My wife and I were interviewed by the Youngstown CBS affiliate last year because we drove 1,405 miles to get there.


----------



## brian v (Dec 25, 2011)

TDCruze said:


> Is there a prize for longest drive to attend? :grin: J/K
> 
> 1492 miles, one way for me...


Here is your prize








Ya know you should be able to drive that on less then 2 tanks of Diesel Fuel , Now would that be prize enough ?


----------



## BU54 (Nov 24, 2014)

TDCruze said:


> Is there a prize for longest drive to attend? :grin: J/K
> 
> 1492 miles, one way for me...


You should at least get a coupon for a free oil change! 



obermd said:


> Local artytime:


Where's that negative rep button? lol


----------



## XtremeRevolution (Jan 19, 2012)

With 50 members voting, I felt that we had enough responses to send our preferred dates over to Lordstown. Here's what the list came down to, from most preferred to least preferred:

1. June 5th
2. June 12th
3. May 29th
4. May 8th


----------



## UlyssesSG (Apr 5, 2011)

XtremeRevolution said:


> With 50 members voting, I felt that we had enough responses to send our preferred dates over to Lordstown. Here's what the list came down to, from most preferred to least preferred:
> 
> 1. June 5th
> 2. June 12th
> ...


Thanks Andrei...

Seems clear to me that those voting prefer a Lordstown meet-up after the Memorial Day holiday is behind us and gentle summer breezes have begun to blow, and by a margin of 3 to 1.

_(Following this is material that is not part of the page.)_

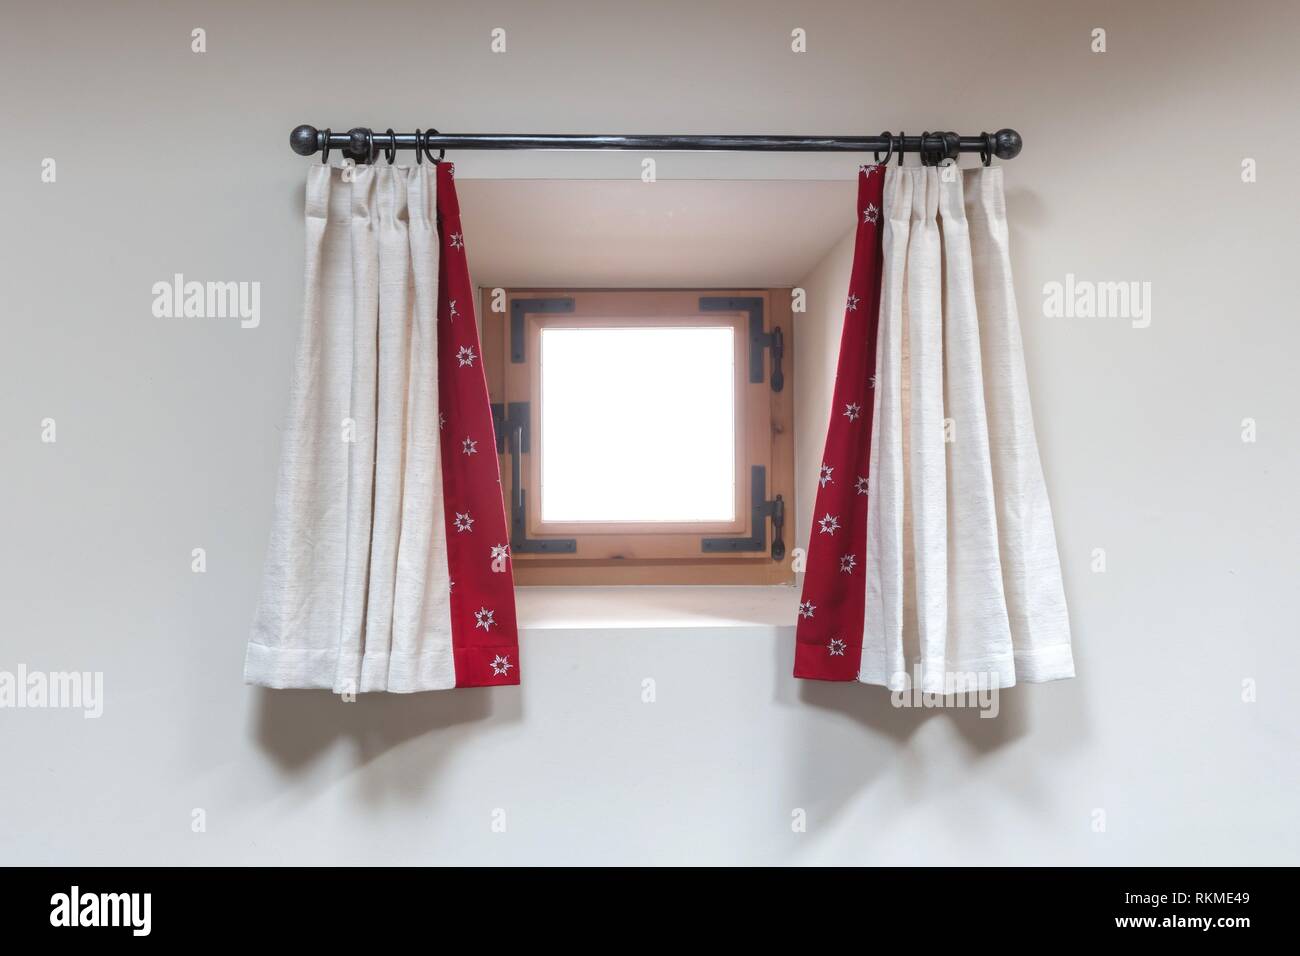 Haus innen - ein kleines Fenster mit Gardinen - Alpen Stockfotografie -  Alamy
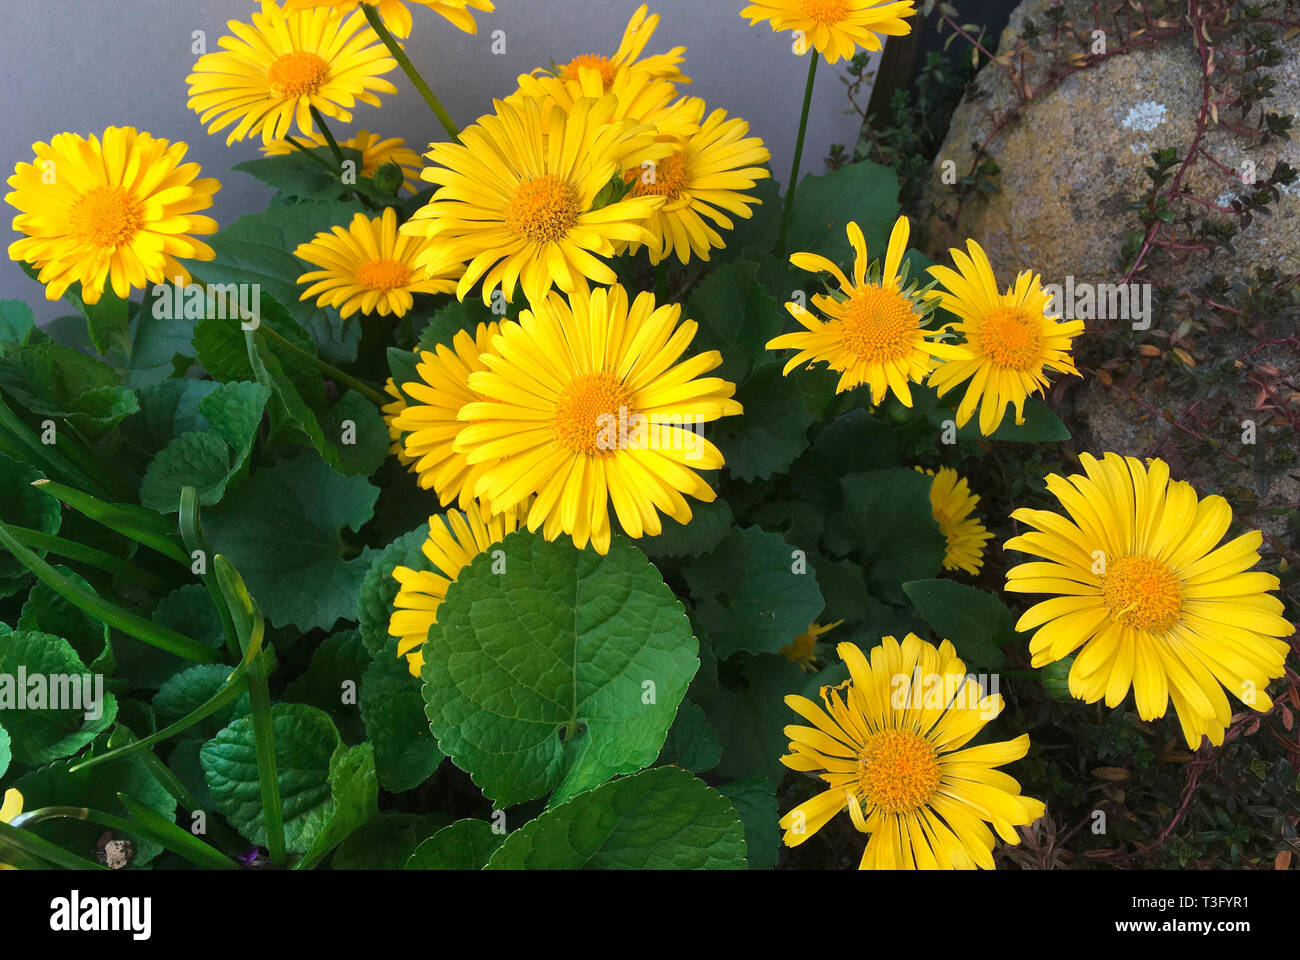 Flowering plants Doronicum orientale in a garden in Berlin - Germany. Stock Photo

Works fine for me if it works for Tom. Cue up Seals & Croft's _Summer Breeze. _​


----------



## TDCruze (Sep 26, 2014)

obermd said:


> My wife and I were interviewed by the Youngstown CBS affiliate last year because we drove 1,405 miles to get there.


That is really awesome! :th_dblthumb2:



brian v said:


> Here is your prize
> View attachment 132929
> 
> 
> Ya know you should be able to drive that on less then 2 tanks of Diesel Fuel , Now would that be prize enough ?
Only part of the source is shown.